It is obvious to me that many are feeling concern about the recent steep slide in the stock market. The market has now corrected over 10% from its recent high resulting in a very volatile week for investors, bringing some memories not felt since 2008. In times of increased volatility such as this, it’s important to revisit some points that are key to a successful investment strategy and a list of things that you can do now to improve investment results.
Here are Seven Things that you can do now:
Take a deep breath and …. DO NOTHING. Stick to your plan. The really smart people aren’t doing anything now; their strategies portfolios are already ready for the possibility of a market downturn. This is NOT the time to panic and get out of the equity market. Market-timers become obsessed with the market – which is a waste of time and produces needless anxiety for no long-term gain. Market crashes are normal. Volatility in markets is normal. Volatility is the price a market investor pays for the possibility of a return greater than the 1% return a safe and secure savings account will earn.

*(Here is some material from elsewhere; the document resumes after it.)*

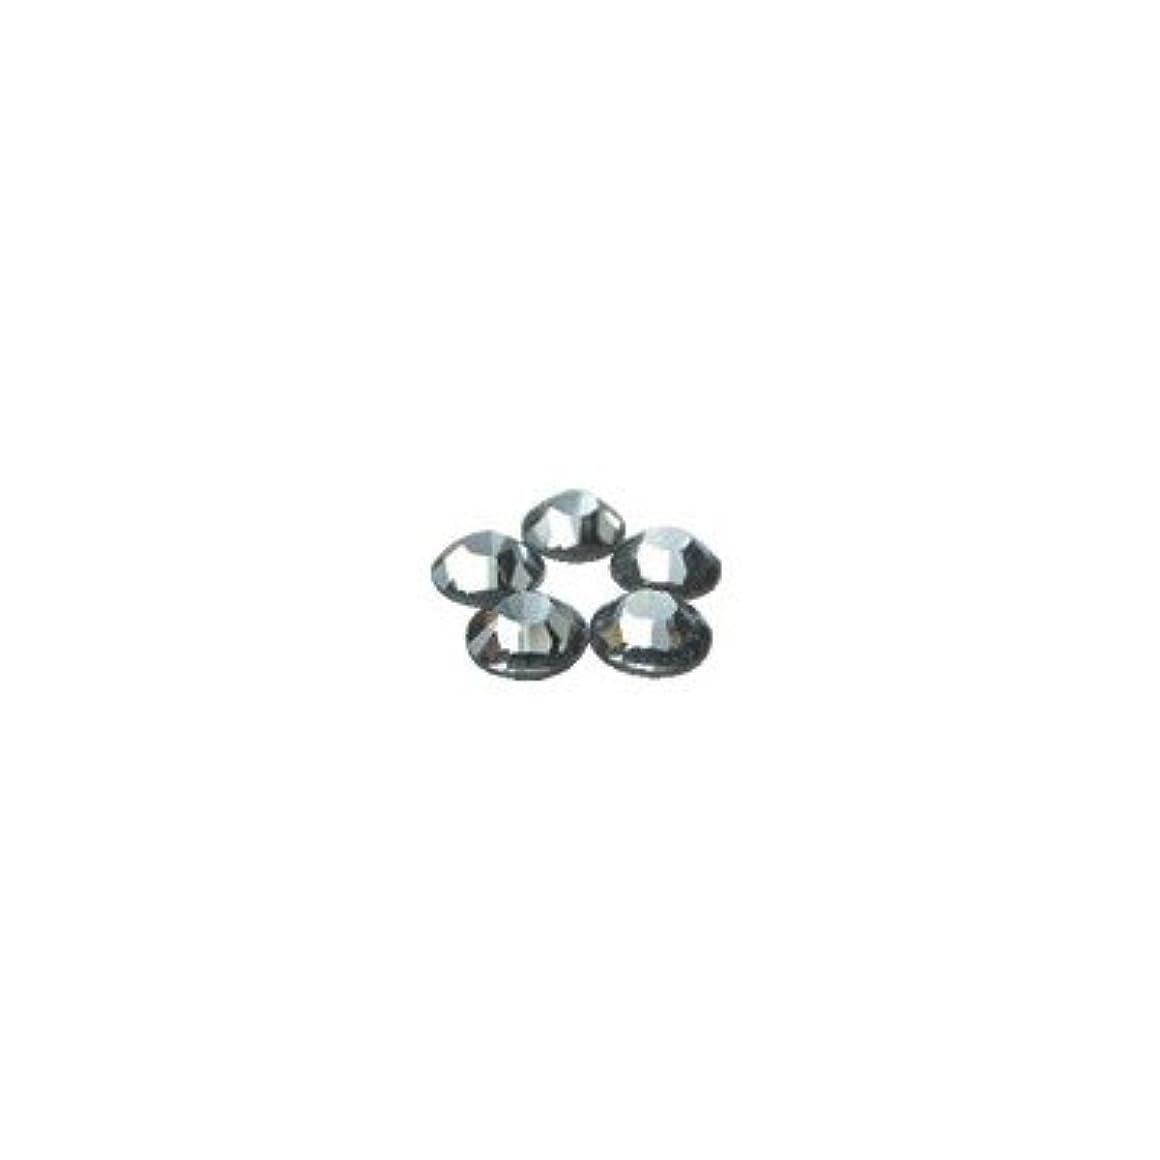 ひまわり多様体目の前のスワロフスキー?エレメント(SWAROVSKI) ss20 48個入 ブラックダイヤモンド

Enjoy your life and take care of yourself. Focus on the things that make your life really RICH – your family, your friends and the things you love to do and on the things you can control. You can’t control macroeconomic factors in the world.
Keep dollar-cost averaging into the stock market. Especially for younger people, this is the time to be buying stocks on a regular basis – not trying to time the ups and the downs. Keep on your rebalancing schedule. When stocks are dropping, it’s hard to invest new money into the market. But doing so can give you some of the best deals you’ll ever get. Those who did so during the 2009 market swoon were richly rewarded in the ensuing months and years. The big moves happen during the darkest days. Since 1928, missing just the 20 best market days cuts total returns in half. Moreover, every one of those best days occurred during periods of market chaos — all within days of some of the market’s worst sessions.
Make sure that your emergency fund is adequate. Having sufficient emergency funds is critical to keep you from having to liquidate stocks after they’ve dropped. Having enough set aside for three to six months of expenses gives you a cushion against what may happen to your job and your portfolio.
Remember the Bad Times: Sounds odd, doesn’t it? Who wants to recall the fears of 2008 and early 2009? But, it is important to remember that those who held on came through far better than those who panicked and fled the markets. The market always carries a positive expected return. You don’t always get it, but it is always there. You cannot obtain the positive expected outcome of the market unless you are in the market—buying, holding, bearing and rebalancing risk. We know the drill, we have suffered extreme volatility in the past, and we have endured.
Remember Your Time Horizon: The best time to be in the market is when you have the money and the best time to be out of the market is when you need the money. If you need the money right now, the stock market is not the right place for you. But, if you have a time horizon of four or more years, you can withstand some volatility to increase your risk-adjusted returns.
Return to these basics:
1. Live within your income 2. Have appropriate emergency funds 3. Have NO consumer debt 4. Live in a house that you can afford 5. Minimize your tax bill to the degree that you are allowed. 6. Be globally invested to minimize risk 7. Carefully select an equity to fixed income ratio for your portfolio that is appropriate for your life situation – and then stick to that mix.